Pump Six and Other Stories(83)



It almost felt as if he was jogging for the first time. He felt every sweet breeze, smelled every bright flower, and saw every warm person and they were all beautiful and he missed them all terribly. He observed them from an incredible distance, and yet with extraordinary clarity, as if he was viewing them with a powerful telescope from the surface of Mars.

He ran and ran and sweated and gasped and rested and ran again and he loved it all. He wondered if this was what it was to be Buddhist. If this was what Pia had sought in her meditations. This centered sense, this knowledge that all was transient, that everything was effervescent and lost so easily. Perhaps it would never have existed, except for this sudden nostalgic love spurred on because he was about to lose it all. God, it felt good to run. To simply work every muscle and feel the pavement hit his shoes, to see the trees with their newly greened neon leaves, and to feel for once that he was paying attention to it all.

He kept waiting for someone to notice his difference, to recognize the fact that he was now a murderer, but no one did. He stopped at a 7-Eleven and bought a bottle of Gatorade, grinning at the clerk as he got his change and thinking, I'm a murderer. I smothered my wife this morning. But the old man behind the counter didn't notice Jonathan's scarlet letter M.
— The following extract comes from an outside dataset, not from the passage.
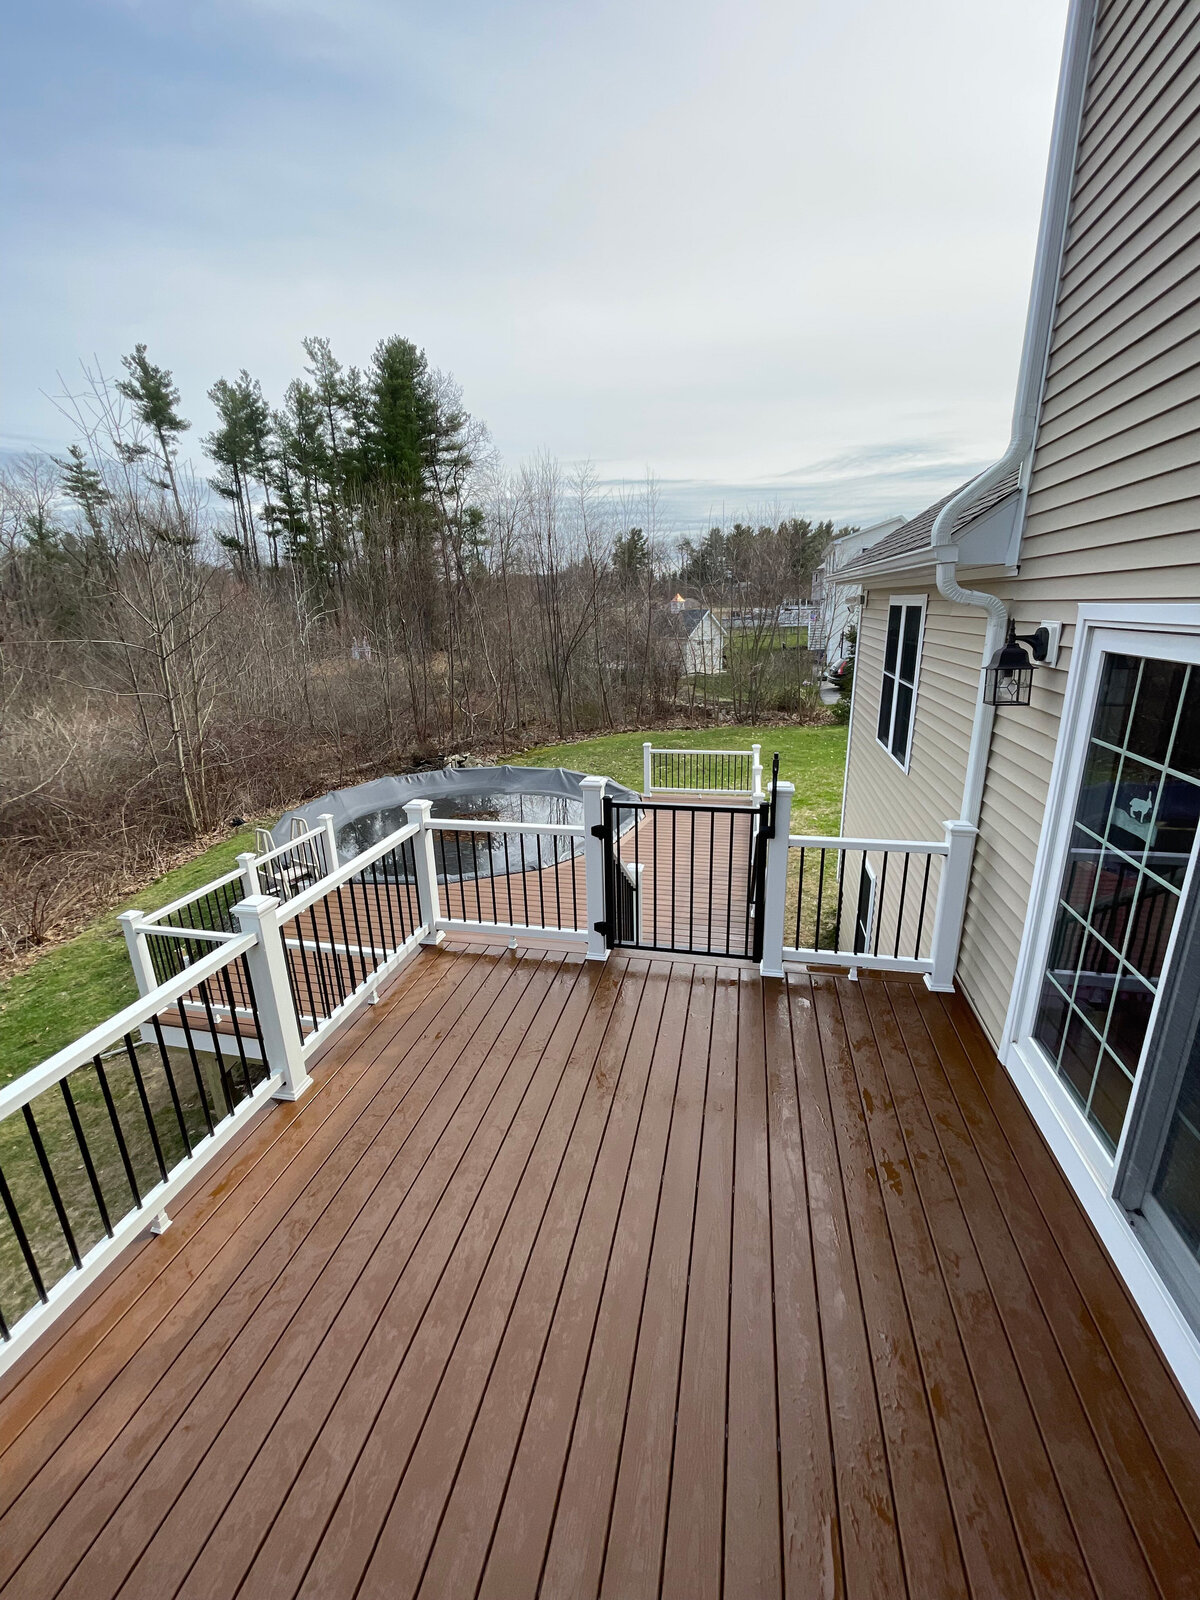 A look from above of a two tier deck built with composite and PVC railings with a child safety gate on the stairs

In fact, as Jonathan chugged his green electrolytes, he suddenly felt that he was not at all different from this lovely man behind the counter with his orange vest and corporate convenience logo on his back. He had the feeling that he could invite the wrinkled guy home and they could pull a couple bottles of Fat Tire Ale out of the fridge, or if the old man preferred something lighter, PBRs perhaps, whatever the guy wanted, they'd open their cans of watery beer and they'd go into the back yard and lie on the grass and soak up sunshine, and at some point Jonathan would mention casually that his dead wife was soaking in the bathtub and the man would nod and say, "Oh yes, I did something similar with mine. Do you mind if I take a look?"

And they would both go back inside and stand in the bathroom's doorway, studying Jonathan's floating lily and the clerk would nod his snowy head thoughtfully and suggest that she'd probably prefer to be buried in the back yard, in her garden.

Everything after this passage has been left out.